There are a bunch of documents containing similar data structure, such as a customer can have an index, commodity classification index, orders index, the index has a name.
Index contains a lot of document, an index to represent a class of similar or identical document. For example, to create a product index, commodity index, which might store all product data, all of the merchandise document.

Type: Type

Where each index can have one or more type, type is a classification index the logical data, document under a type, have the same Field, such as blog system, an index, a user can define a data type, blog data type, comment data type.

Commodity index, which store all product data, product document

But commodities are divided into categories, each category of document the field may not be the same, such as electrical goods, may also contain some, such as after-sales time such a special field; fresh goods, also contains some, such as fresh shelf life like special field

type, daily commodity type, electrical goods type, commodity type Fresh

日化商品type：product_id，product_name，product_desc，category_id，category_name
电器商品type：product_id，product_name，product_desc，category_id，category_name，service_period
生鲜商品type：product_id，product_name，product_desc，category_id，category_name，eat_period

Every type which will contain a bunch of document

{
"product_id": "2",
"product_name": "长虹电视机",
"product_desc": "4k高清",
"category_id": "3",
"category_name": "电器",
"service_period": "1年"
}

{
"The product_id": ". 3",
"PRODUCT_NAME": "shrimp",
"product_desc": "natural, Iceland production",
"category_id": ". 4",
"category_name": "Fresh",
"eat_period": "7 days"
}

Shard fragmentation, also known as Primary Shard

A single machine can not store large amounts of data, es data can be cut into a plurality of index shard, distributed across multiple storage servers. With shard can scale out to store more data, so that operations such as search and analysis distributed to multiple servers to perform up to enhance the throughput and performance.
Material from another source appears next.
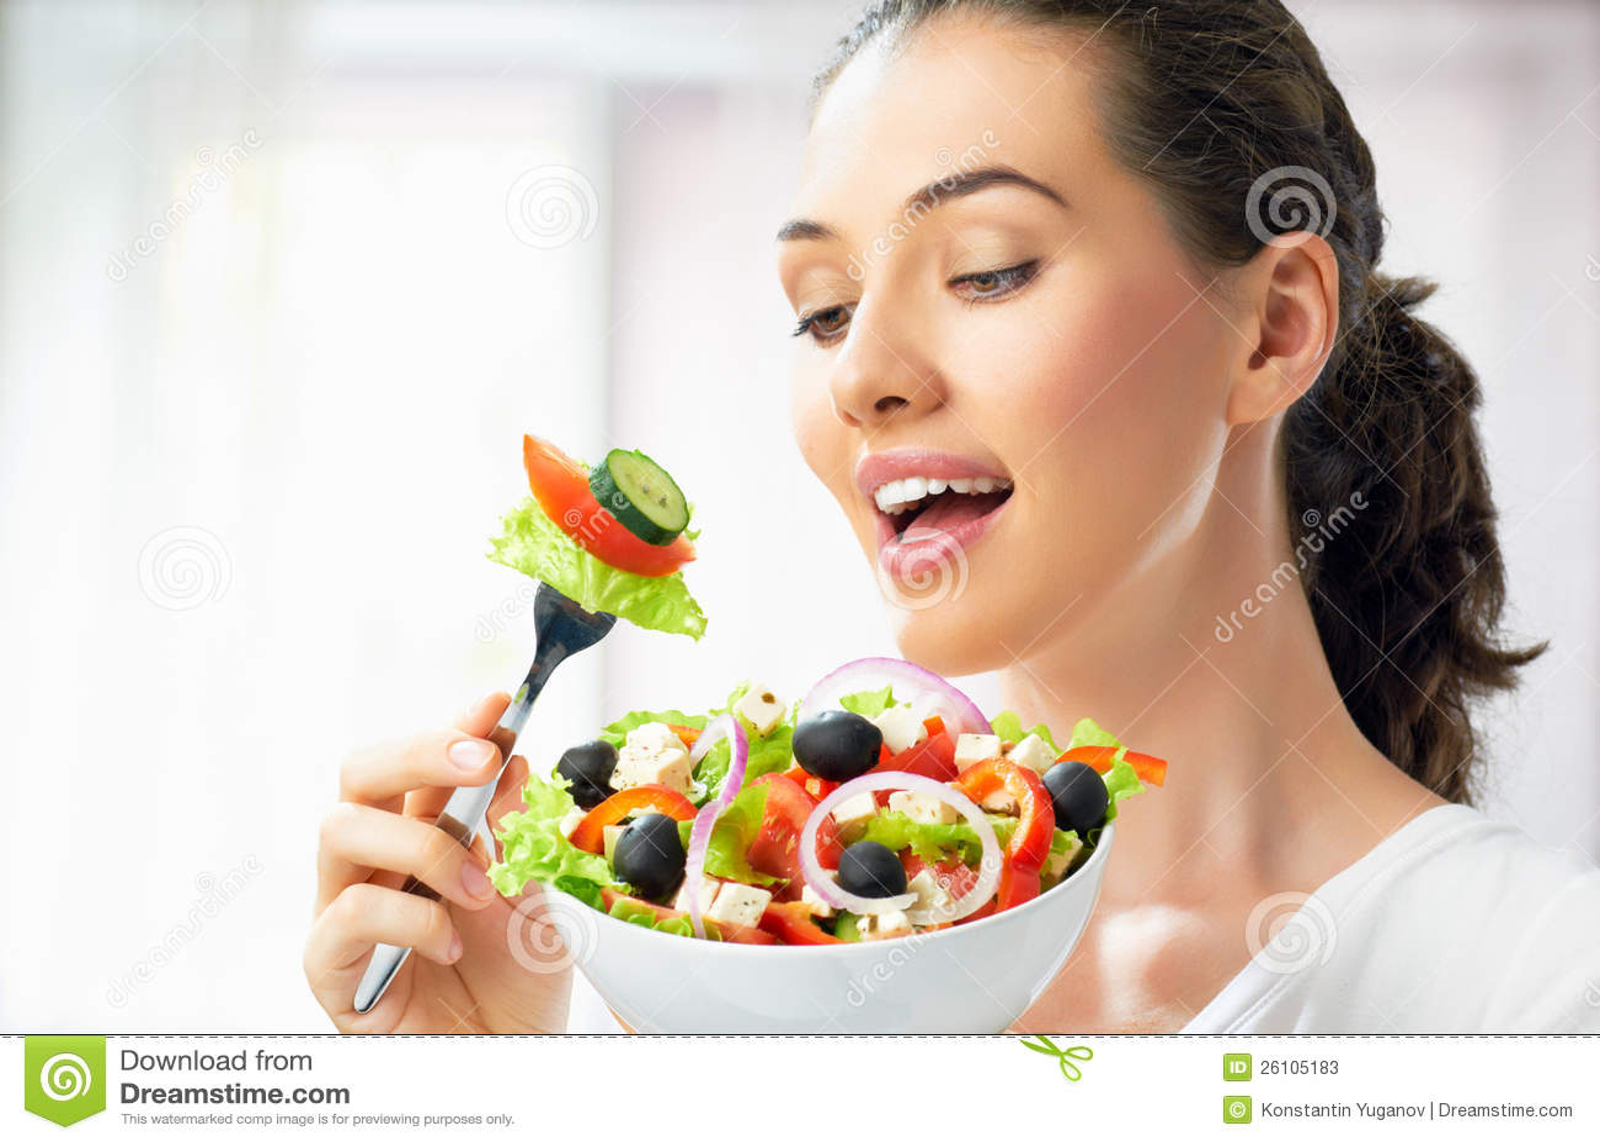 Manger de la nourriture saine

Each shard is a lucene index.

Replica copies, also known as Replica Shard

Subject to any server failure or downtime, then shard might be lost, so you can create multiple copies of each replica shard. replica may provide backup service when shard failure, to ensure data is not lost, a plurality of replica may further improve the throughput and performance of the search operation.

primary shard (once set up indexing, you can not modify the default 5),

replica shard (at any time modify the number, the default one),

Each default index 10 shard, 5 th primary shard, 5 th replica shard, the minimum high-availability configuration, the server is two.

Index-related explanation:

index contains more than shard
Shard is a minimum capacity of each unit of work, carrying part of the data, Lucene instance, the complete indexing process requests and
When changes in the node, shard will automatically load balancing nodes in
primary shard and replica shard, each document must exist only a certain primary shard and its corresponding replica shard in, can not exist in a plurality of primary shard
replica shard is the primary shard copy, responsible for fault tolerance, load and bear a read request
The number of primary shard in the creation of the index is fixed, and the number of replica shard can be modified at any time
The default primary shard number is 5, replica is 1 by default, default 10 has shard, 5 th primary shard, 5 th replica shard
primary shard and its replica shard can not be placed on the same node (or node goes down, primary shard and replica are lost, would not achieve the role of fault-tolerant), but other primary shard of replica shard on the same node

Index allocation map in the cluster:

This article from the blog article multiple platforms OpenWrite release!